Code for the MADDPG algorithm from the paper "Multi-Agent Actor-Critic for Mixed Cooperative-Competitive Environments"
https://arxiv.org/pdf/1706.02275.pdf
MIT License
1.6k stars 484 forks source link

It seems that the training is decentralized? #7

Closed pengzhenghao closed 6 years ago

pengzhenghao commented 6 years ago

I have looked through the train.py and found that your guys provide each agent an trainer:

def get_trainers(env, num_adversaries, obs_shape_n, arglist):

    trainers = []

    model = mlp_model

    trainer = MADDPGAgentTrainer

    for i in range(num_adversaries):

        trainers.append(trainer(

            "agent_%d" % i, model, obs_shape_n, env.action_space, i, arglist,

            local_q_func=(arglist.adv_policy=='ddpg')))

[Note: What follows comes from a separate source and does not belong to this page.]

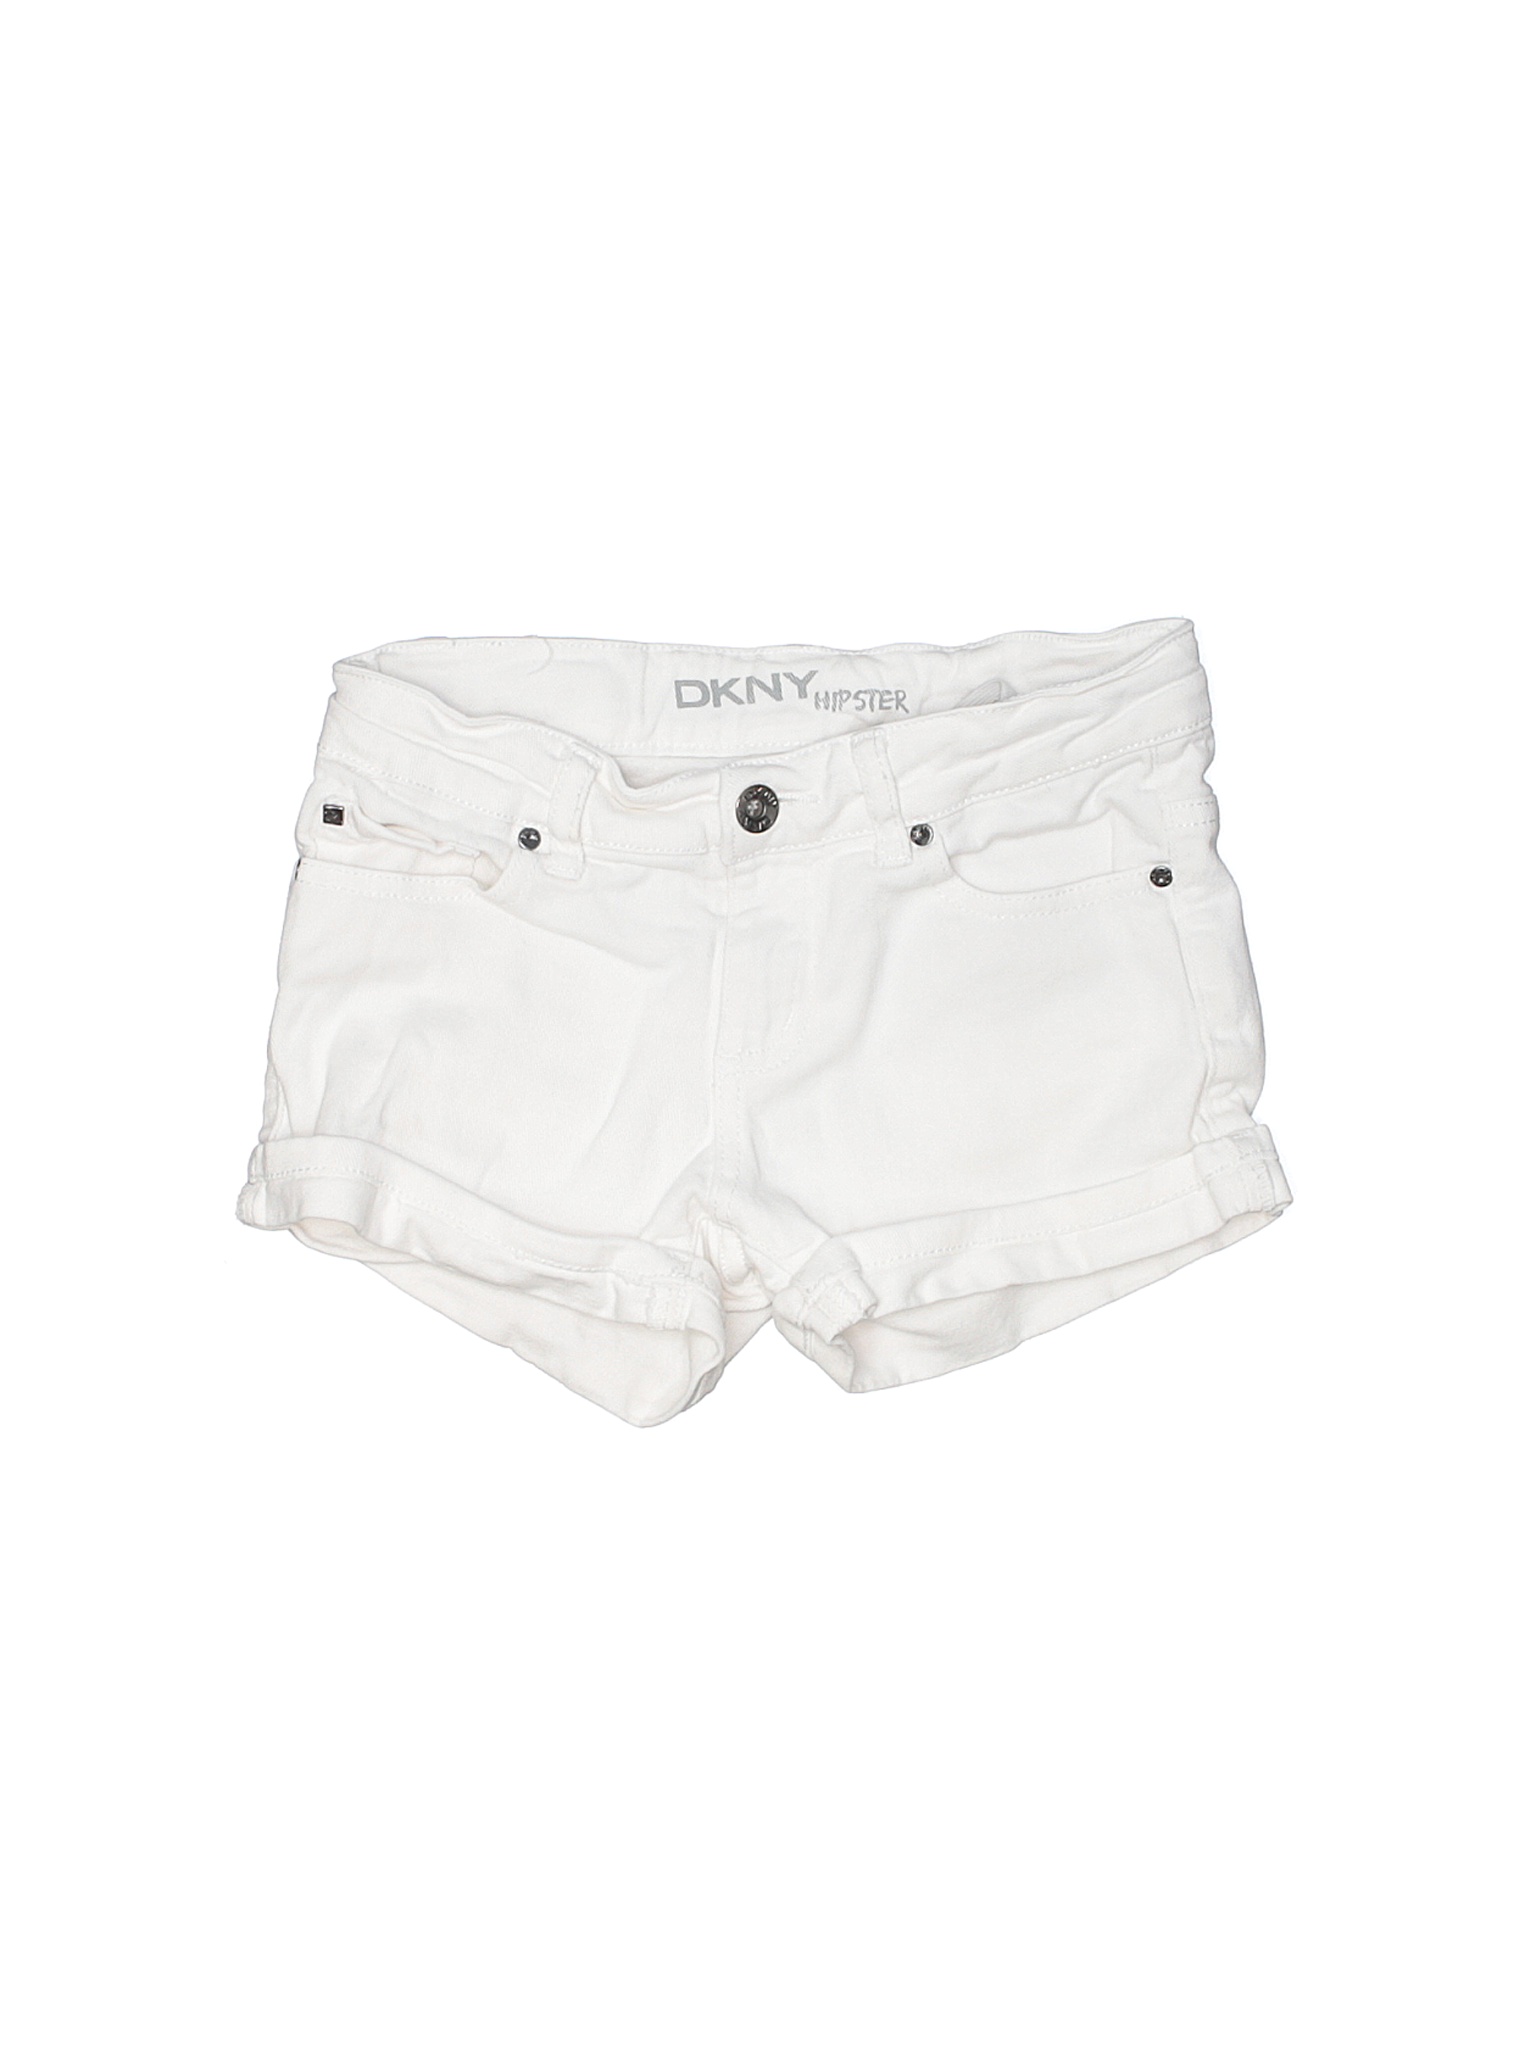 DKNY Girls White Denim Shorts 8 | eBay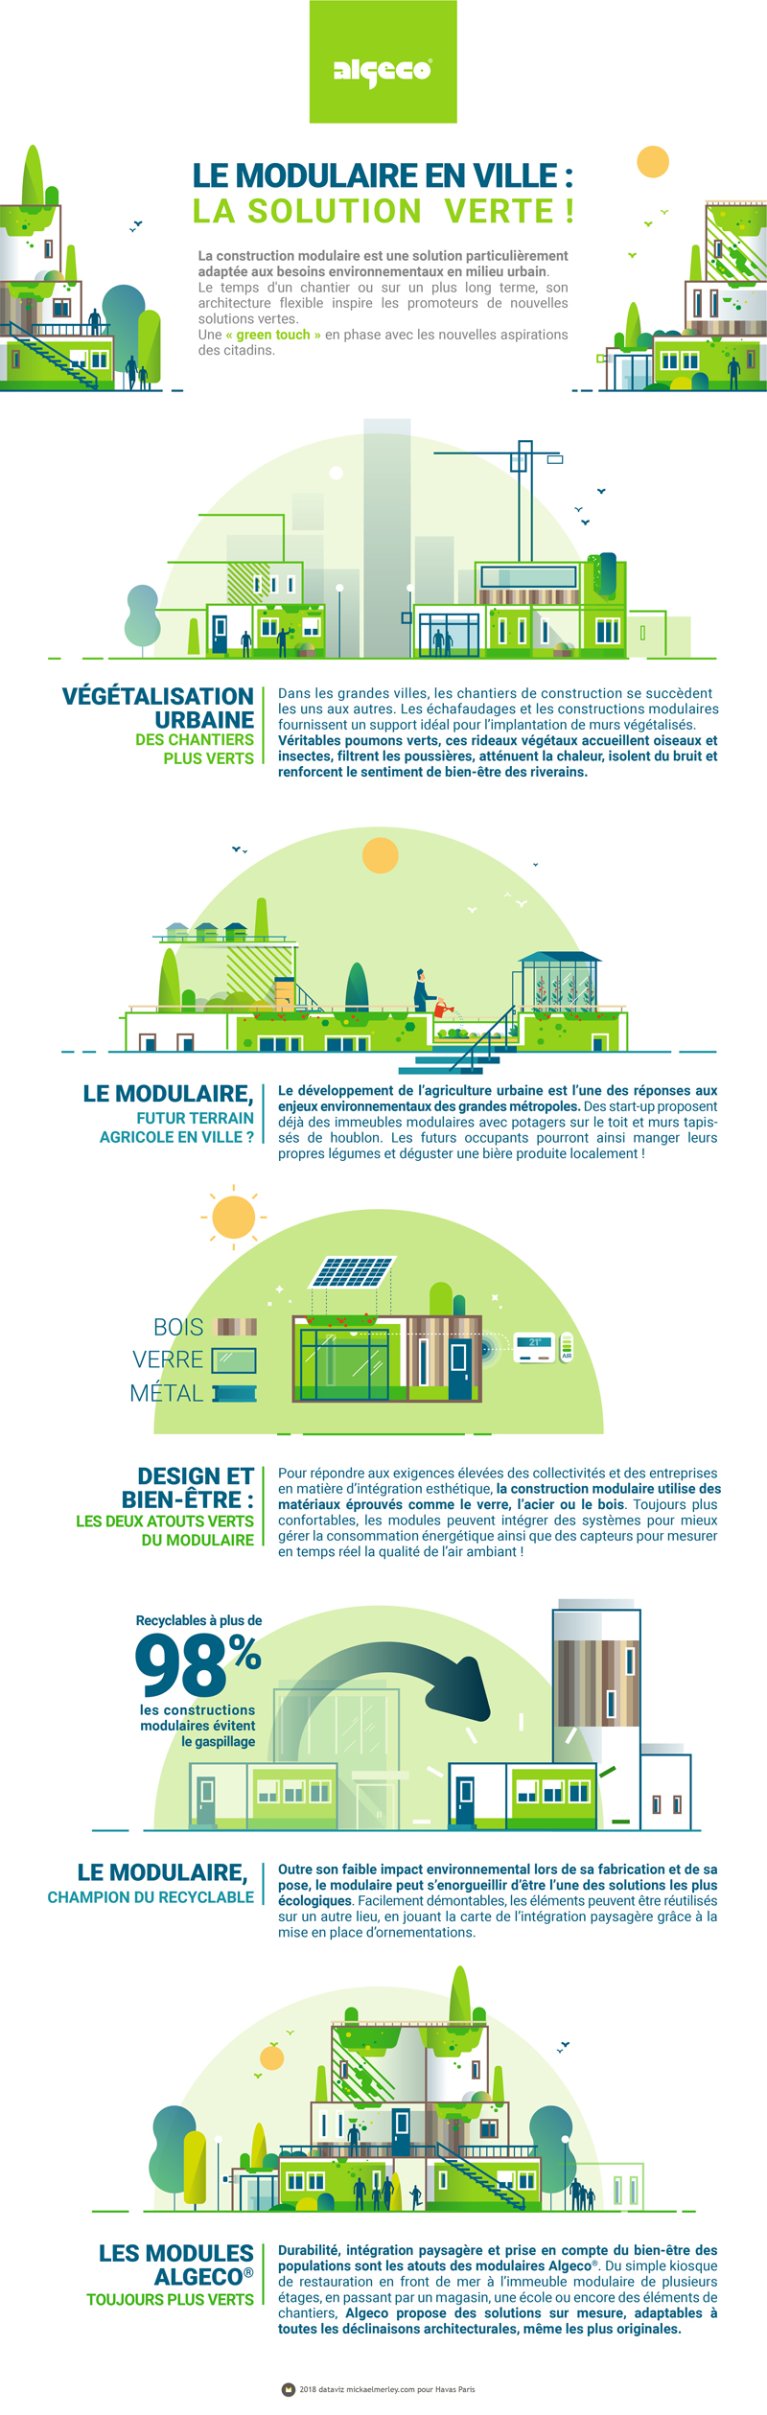 Infographie "le modulaire en ville : la solution verte !"

    for i in range(num_adversaries, env.n):

        trainers.append(trainer(

            "agent_%d" % i, model, obs_shape_n, env.action_space, i, arglist,

            local_q_func=(arglist.good_policy=='ddpg')))

    return trainers

It seems that maybe I have wrong understanding. But decentralize training in my understanding mean using an identical model to learn the q function, so therefore I can't understanding why assign each agent a trainer(include the model in the trainer), since you get so many model to train rather than only one.

And I found that even you use Reuse=True in the setting of tf.variable_scope, but each model of the trainer of a agent has name like "agent_0/fully_connected/weights". That means all the weights and bias of the model are not exactly the same. Namely, agent_0 has it's own model, agent_1 has it's own model, ...

So how could you say your training of this multi-agents system is centralized?

Look forward to your reply! Thanks!

ryan-lowe commented 6 years ago

Hi, It is true that each agent learns its own policy and Q-function. The training is centralized in the sense that the inputs to each Q function depend on the actions and observations of all the agents. Usually, for the training to be considered fully 'decentralized', each agent's policy and value are only functions of that agent's observation and actions. This is consistent with other papers in the literature (see e.g. the similar work on COMA, https://arxiv.org/pdf/1705.08926.pdf)